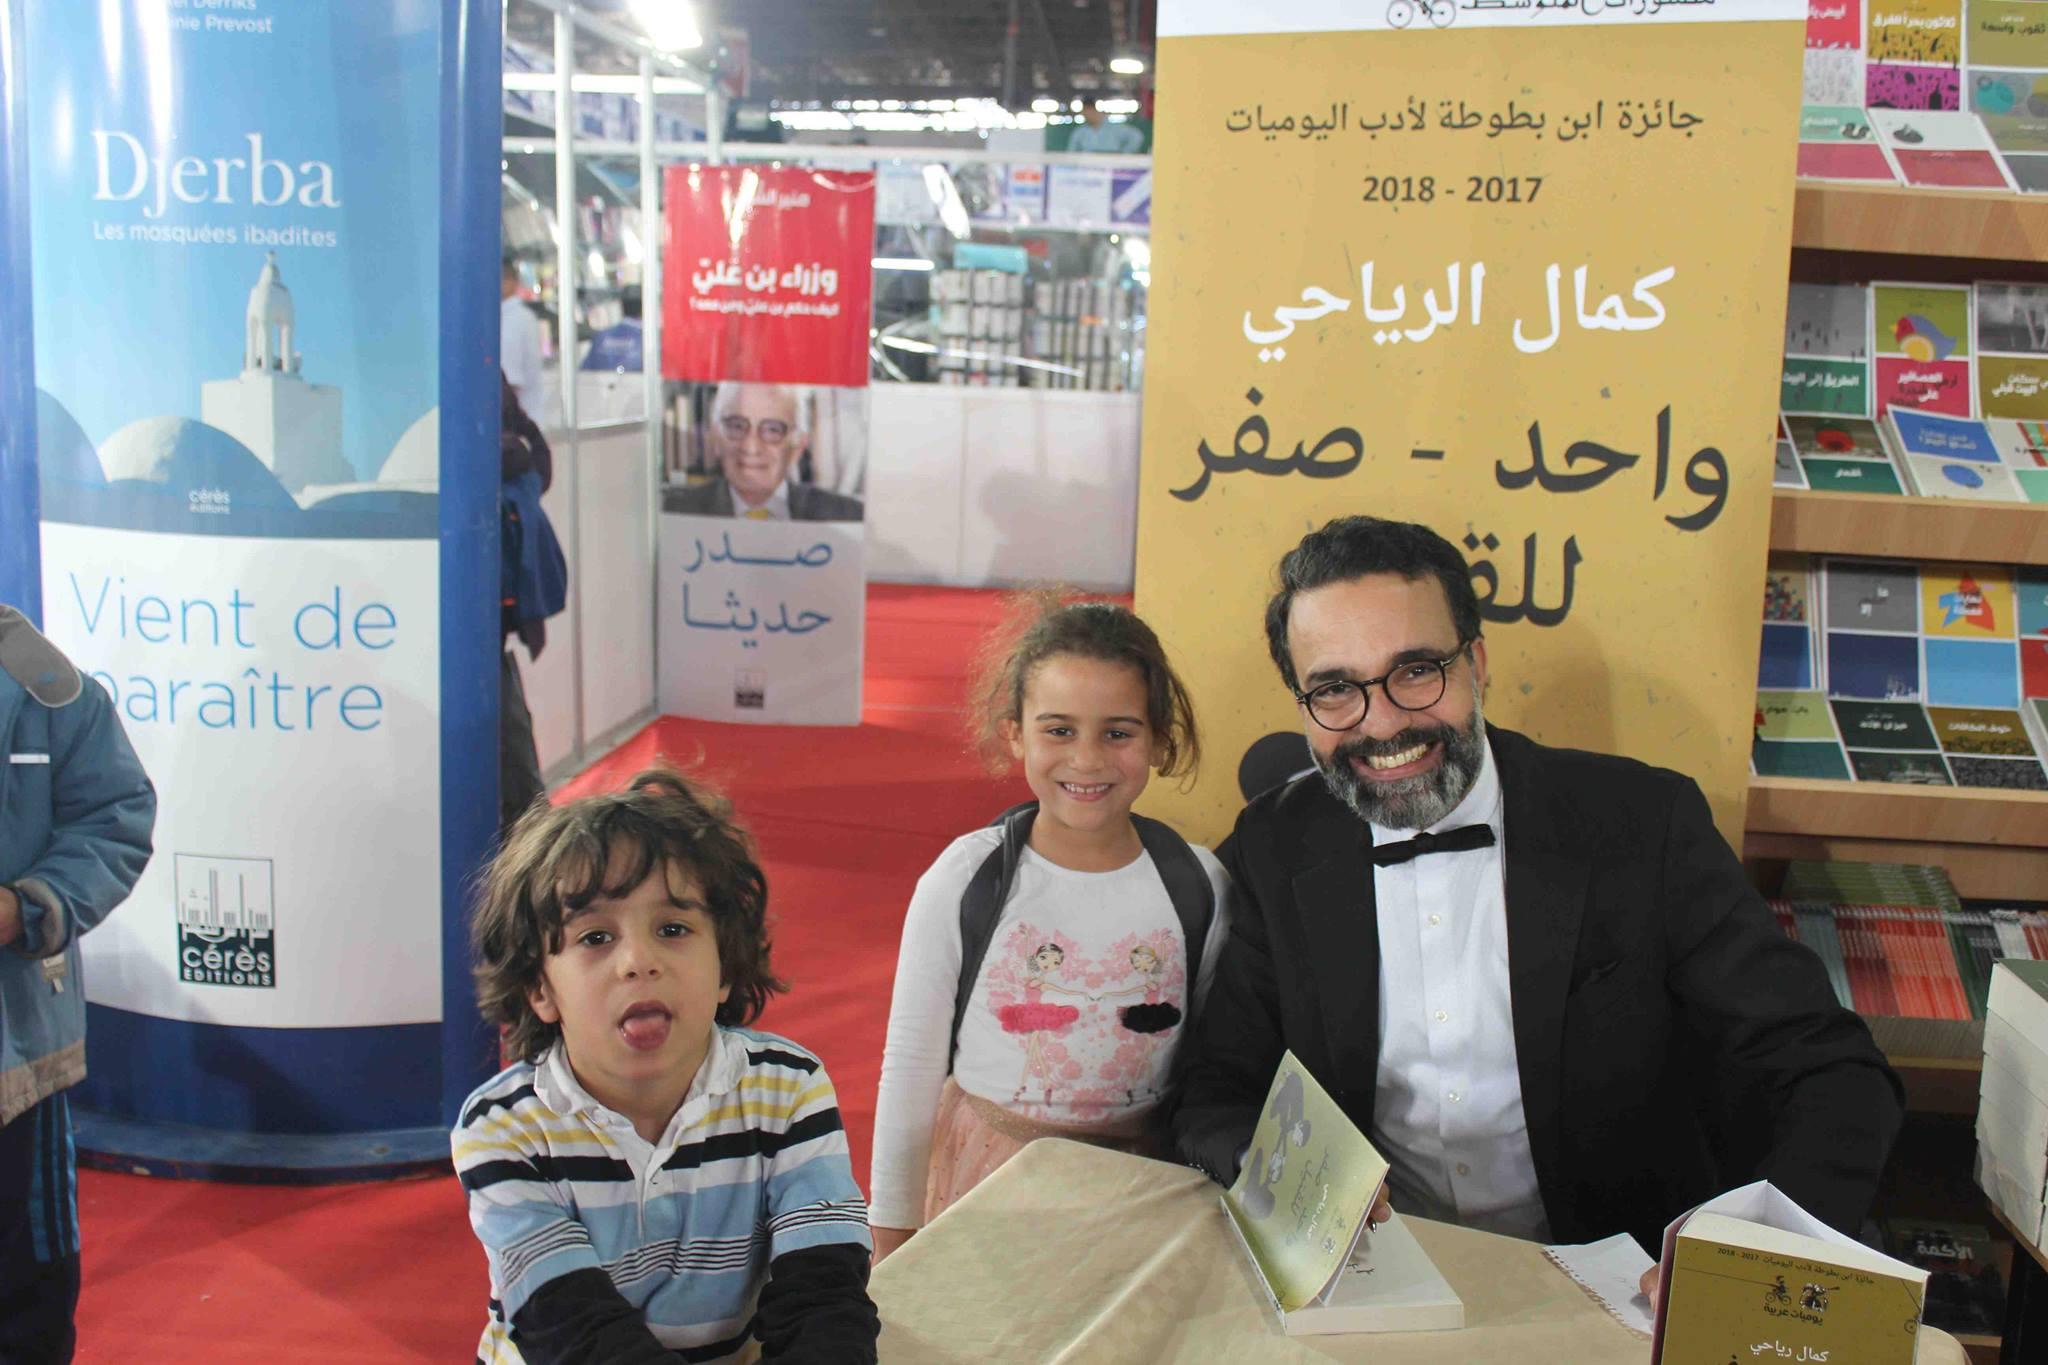 كمال الرياحى يوقع كتابه واحد صفر للقتيل الفائز بجائزة ابن بطوطة فى معرض تونس (35)
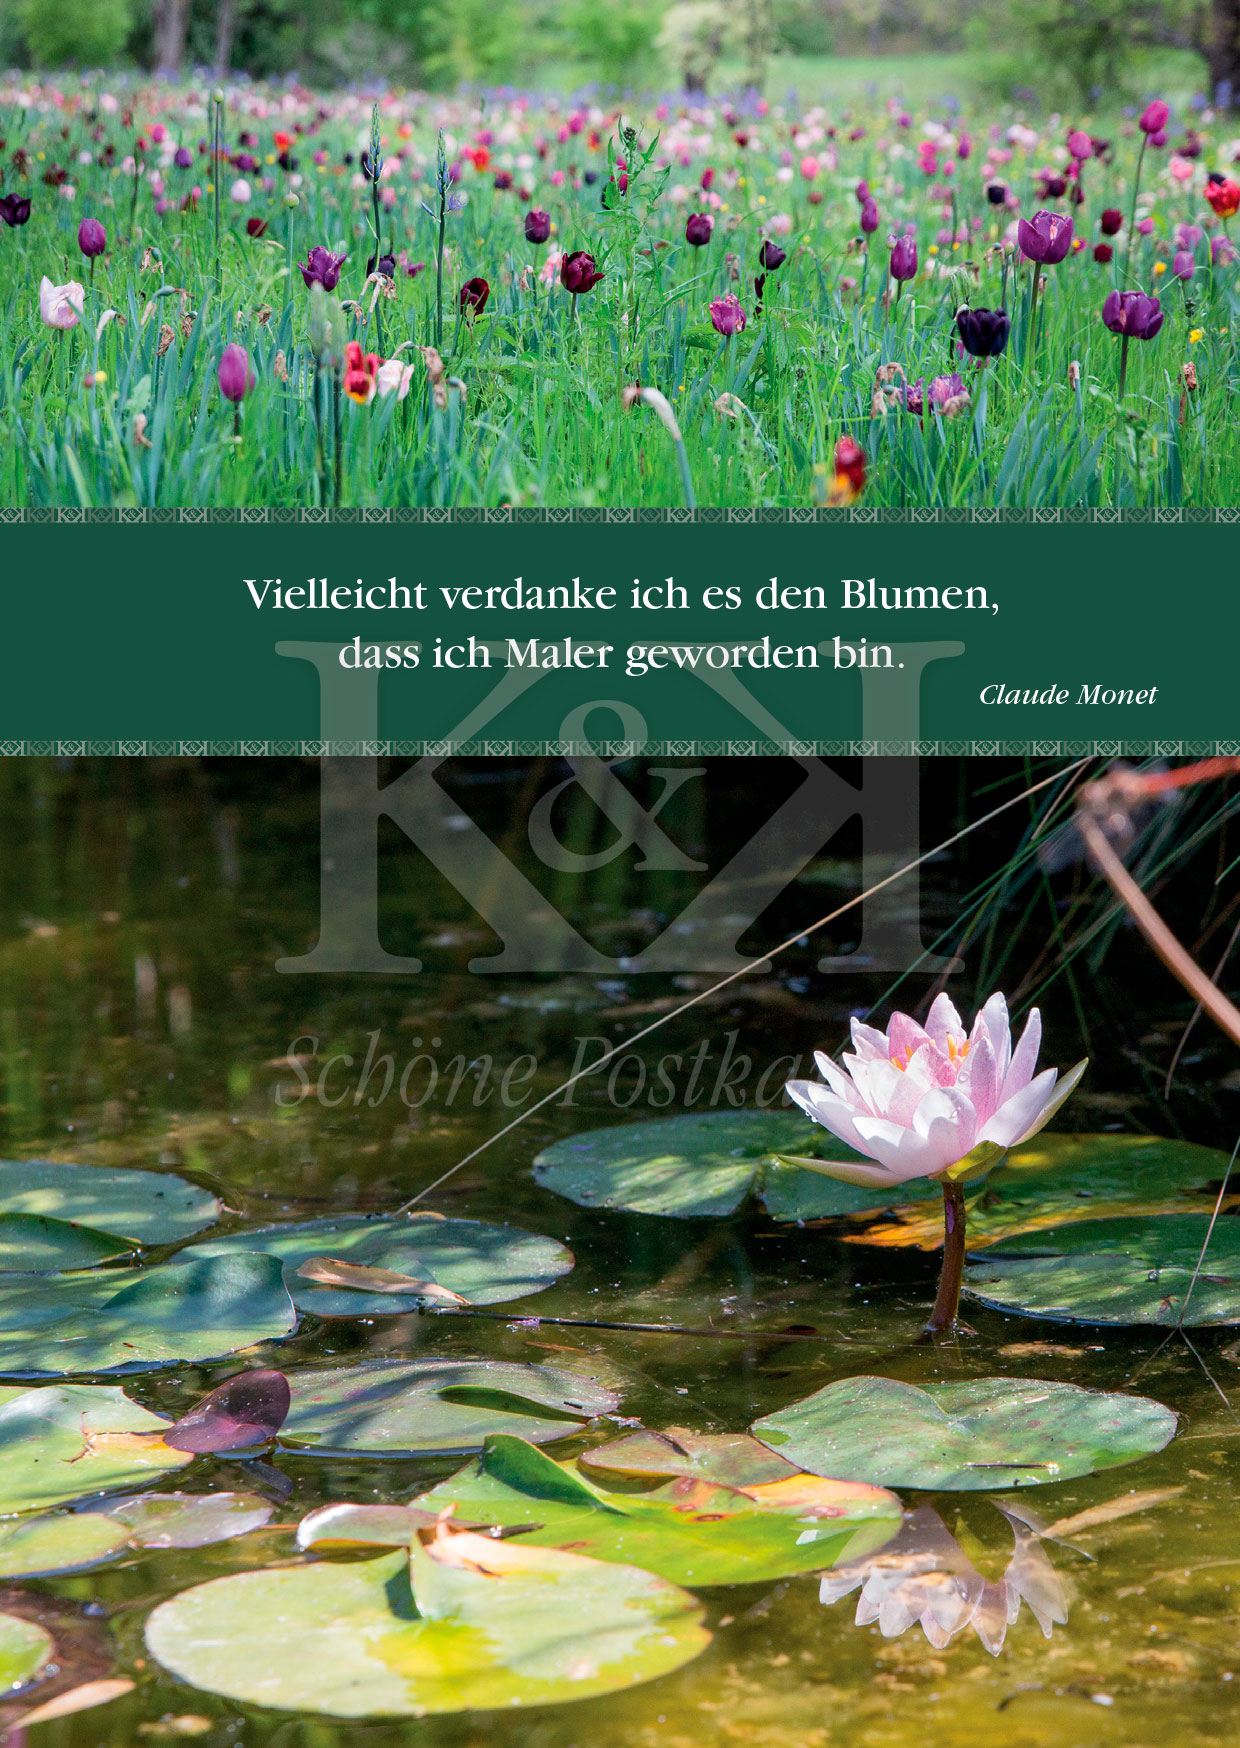 Schöne Postkarte Nr. 119 · Licht, Farben, Monet · © www.schoenepostkarten.de
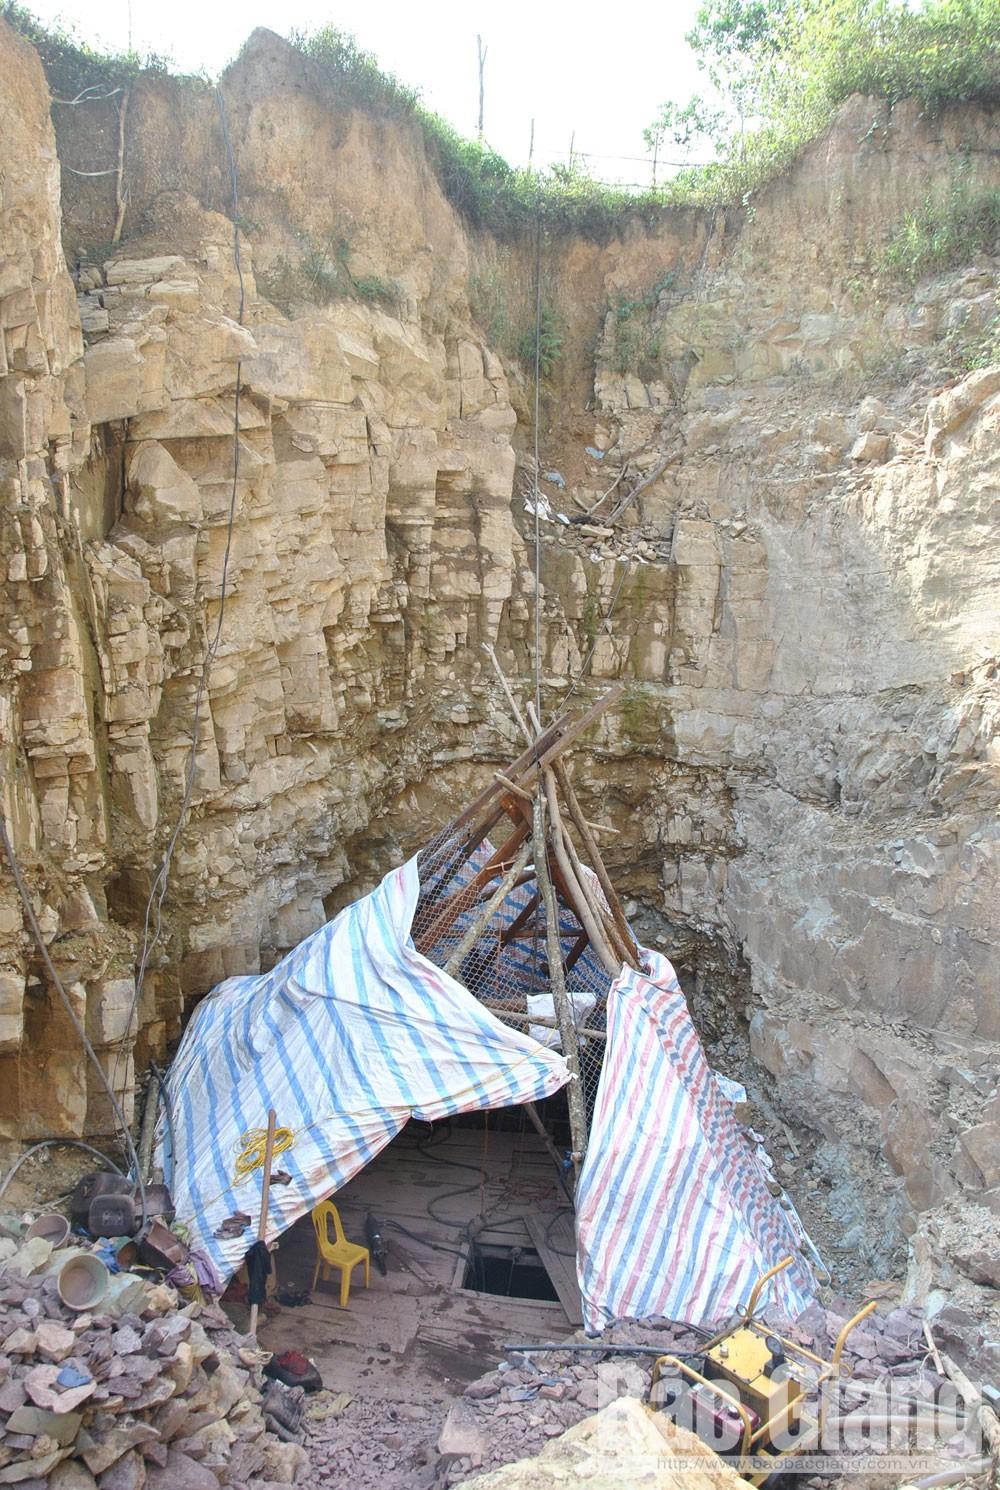 Lán trại trong hố thăm dò bên vách đá dựng đứng có nguy cơ đổ sập bất cứ lúc nào.

**Activity:**
Every word of the material, and none of its pictures, should be set down again.

**Output:**
 كمال الرياحى يوقع كتابه واحد صفر للقتيل الفائز بجائزة ابن بطوطة فى معرض تونس (35)
 Schöne Postkarte Nr. 119 · Licht, Farben, Monet · © www.schoenepostkarten.de
 Lán trại trong hố thăm dò bên vách đá dựng đứng có nguy cơ đổ sập bất cứ lúc nào.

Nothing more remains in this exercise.